Согласно этому документу Михаил Александрович соглашался принять Верховную власть лишь в случае соответствующего решения Учредительного собрания. И в то же самое время он наделял властью, которой у него не было, поскольку он не император, Временное правительство. Он попросил передать через Матвеева, что всюду просит употреблять от его лица местоимение «я», а не «мы», как это написано в черновом варианте Манифеста, потому что считает, что престола не принял и императором не стал. Во-вторых, по этой же причине, вместо слова «повелеваем», как было изначально написано, он попросил употребить слово «прошу». И, наконец, великий князь обратил внимание юристов на то, что нигде в тексте нет слова «Бог», а таких Актов без упоминания Имени Божия не бывает. Все эти указания они выполнили, и текст переделали.
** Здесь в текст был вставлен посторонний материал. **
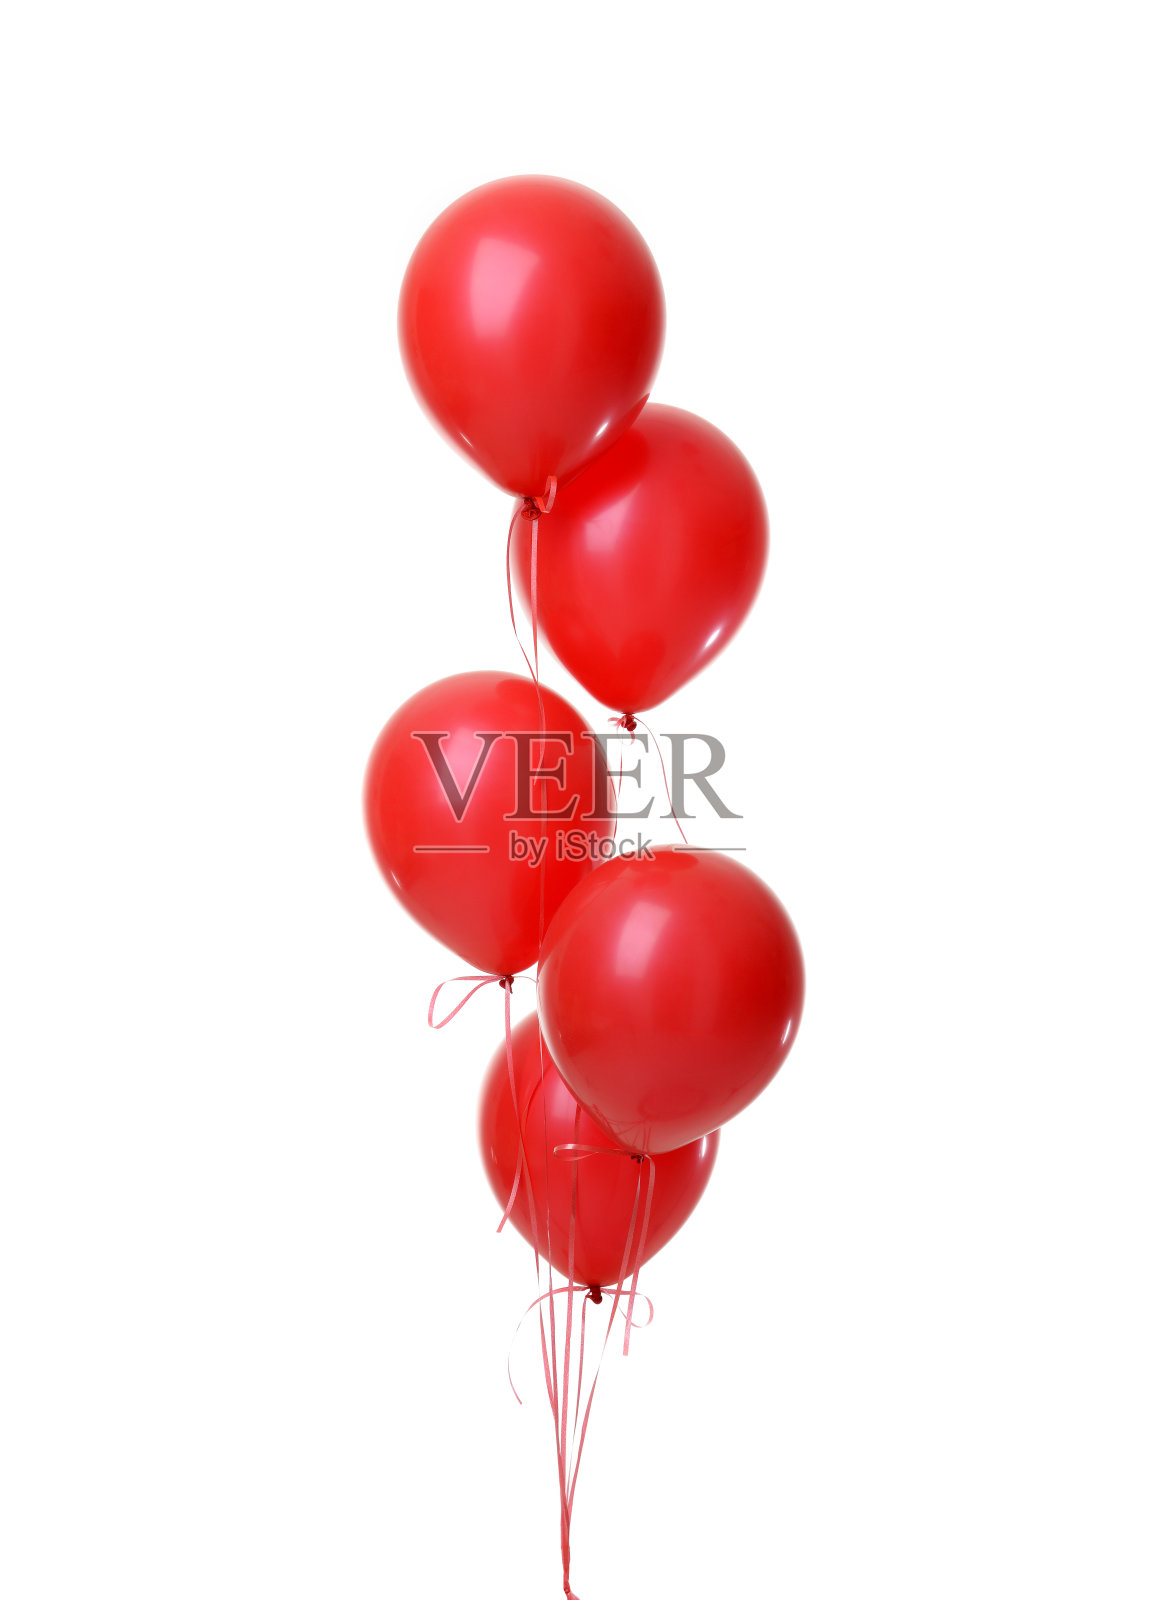 一堆红色的大气球用于生日聚会照片摄影图片
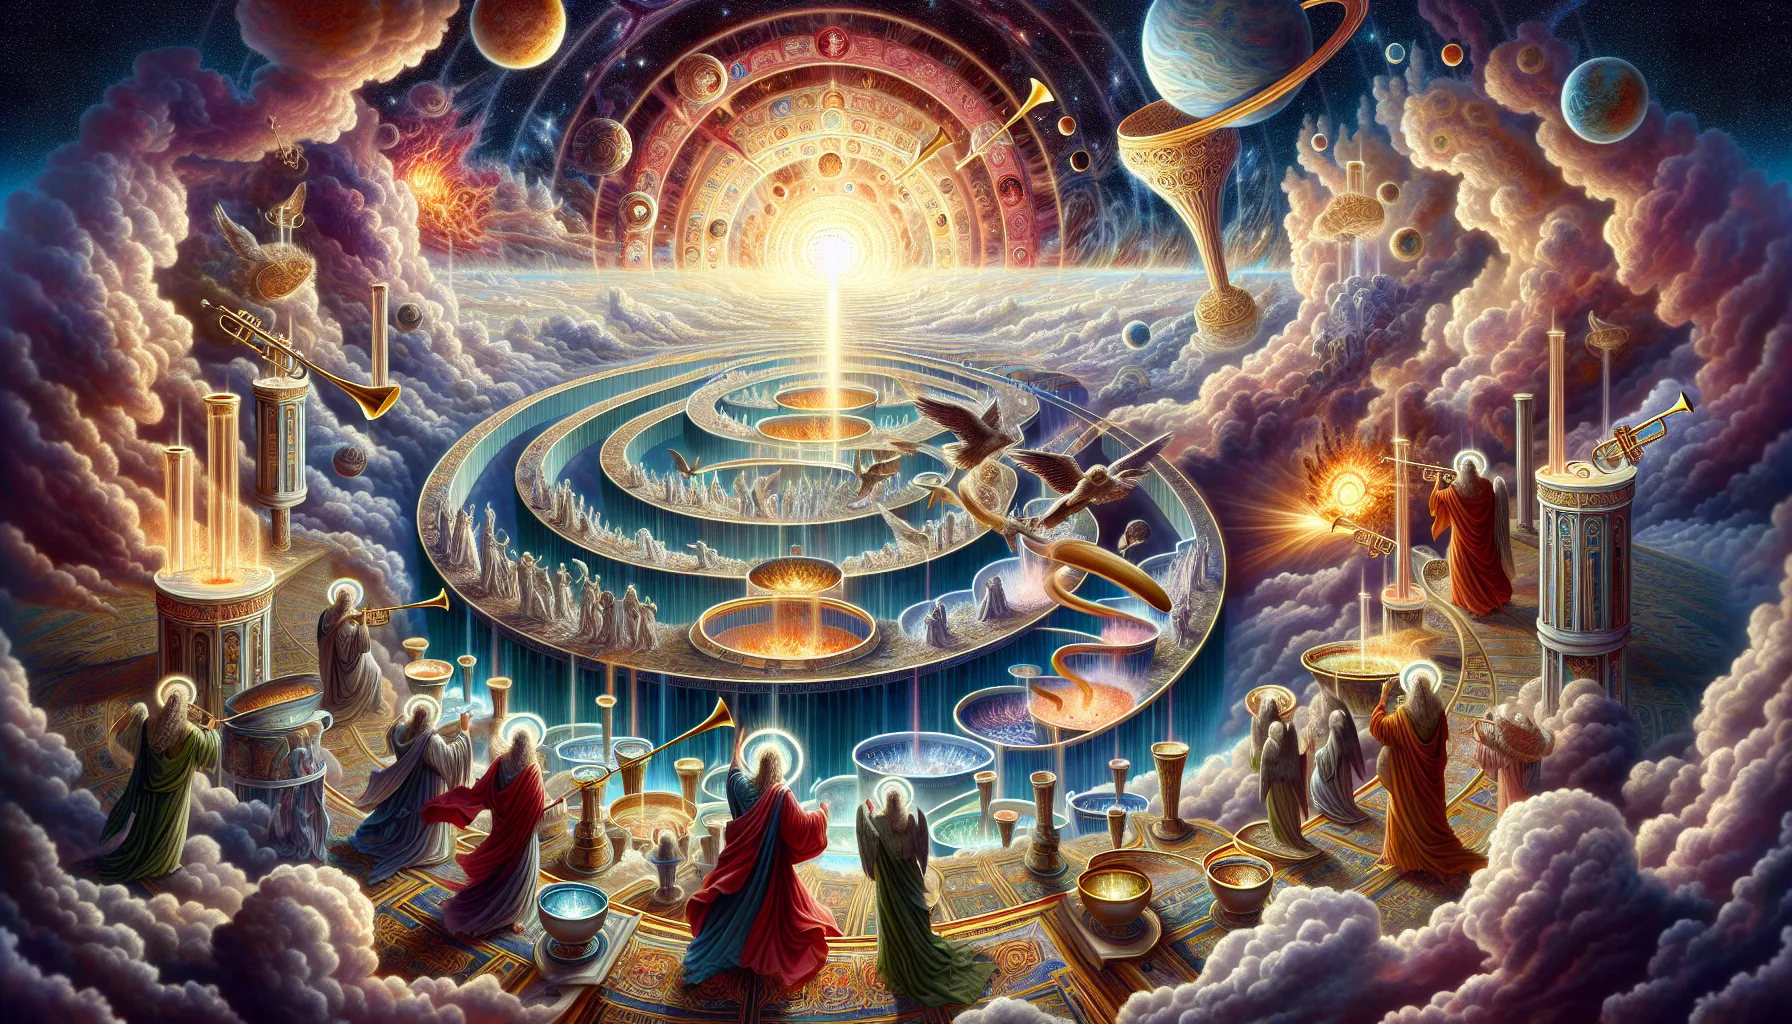 Representación simbólica de los juicios divinos en el libro de Apocalipsis: sellos

С политической точки зрения Манифест составлен блестяще: ведь в нем говорится именно то, что требовалось. Власть оказалась в руках Временного правительства: его признал новый законный император. Хотя он и говорит, что еще не стал императором, но ведь мог им стать. Членам Совета рабочих и солдатских депутатов можно при необходимости сказать, что Михаил стал императором, но отрекся от престола, хотя он и не делал этого. Михаил условно принял корону, и одновременно временно отказался от нее. Россия становилась республикой, оставаясь в то же время монархией.
С точки же зрения закона Манифест не выдерживал критики. Великий князь Михаил не мог передать кому бы то ни было Верховную власть, потому что сам не обладал ею в полной мере. В соответствии с отречением Николая II он должен править «в единении с Государственным Советом и Государственной Думой». «Отречение» же Михаила Александровича отменяло все три источника власти. Но об этом никто из тех, кто с нетерпением ожидал появления Манифеста, не удосужился подумать всерьез.
Что касается Владимира Набокова, он очень гордился тем, что принимал участие в составлении этого документа. Когда его снова передали великому князю, и на этот раз он Манифест одобрил, Набоков сел за стол и переписал его набело.
Великий князь понимал, что Манифест этот – отречение династии. Он негромко сказал Алексею Матвееву:
– Мне очень тяжело… Меня мучает, что я не мог посоветоваться со своими… Ведь брат отрекся за себя… А я, выходит так, отрекаюсь за всех…
К тому моменту, когда появился окончательный текст Манифеста, на Миллионную, 12 вернулись Родзянко и Керенский. Они присутствовали при том, как Михаил Александрович сел в детской за стол и поставил подпись на документе, который Б. Нольде назвал «единственной Конституцией периода существования Временного правительства». Когда Милюкова кто-то спросил впоследствии, где правительство получило свою власть, он ответил:
– Мы получили ее по наследству от Великого Князя Михаила.
Набоков, наблюдавший в эти минуты за великим князем, видел, что тот смущен и расстроен. Без сомнения, давало о себе знать нервное напряжение, но внешне он оставался спокойным и хладнокровным. Восхищаясь поведением Михаила Александровича и понимая историческую важность совершенного им шага, Набоков взял себе на память перо, которым тот подписал Манифест.
Нольде, описывая поведение великого князя в те минуты, подчеркивал, что он вел себя «с безукоризненным тактом и благородством». А Шульгин с горечью подумал: сложись ситуация в стране иначе, и этот человек мог бы стать прекрасным конституционным монархом. А вот какую запись сделал в тот день в дневнике Морис Палеолог: «В этот исторический момент он был трогателен по патриотизму, благородству и самоотвержению. Когда последние формальности были выполнены, делегаты Исполнительного Комитета не могли удержаться, чтобы не засвидетельствовать ему, какое он оставлял в них симпатичное и почтительное воспоминание. Керенский пожелал выразить общее чувство лапидарной фразой, сорвавшейся с его губ в театральном порыве:
– Ваше Высочество, Вы – благороднейший из людей!.. Вы великодушно доверили нам священный сосуд Вашей власти. Я клянусь Вам, что мы передадим его Учредительному собранию, не пролив из него ни одной капли».
Впоследствии они будут пролиты – все, до единой. Но в тот момент этого никто предвидеть не мог. Или не хотел.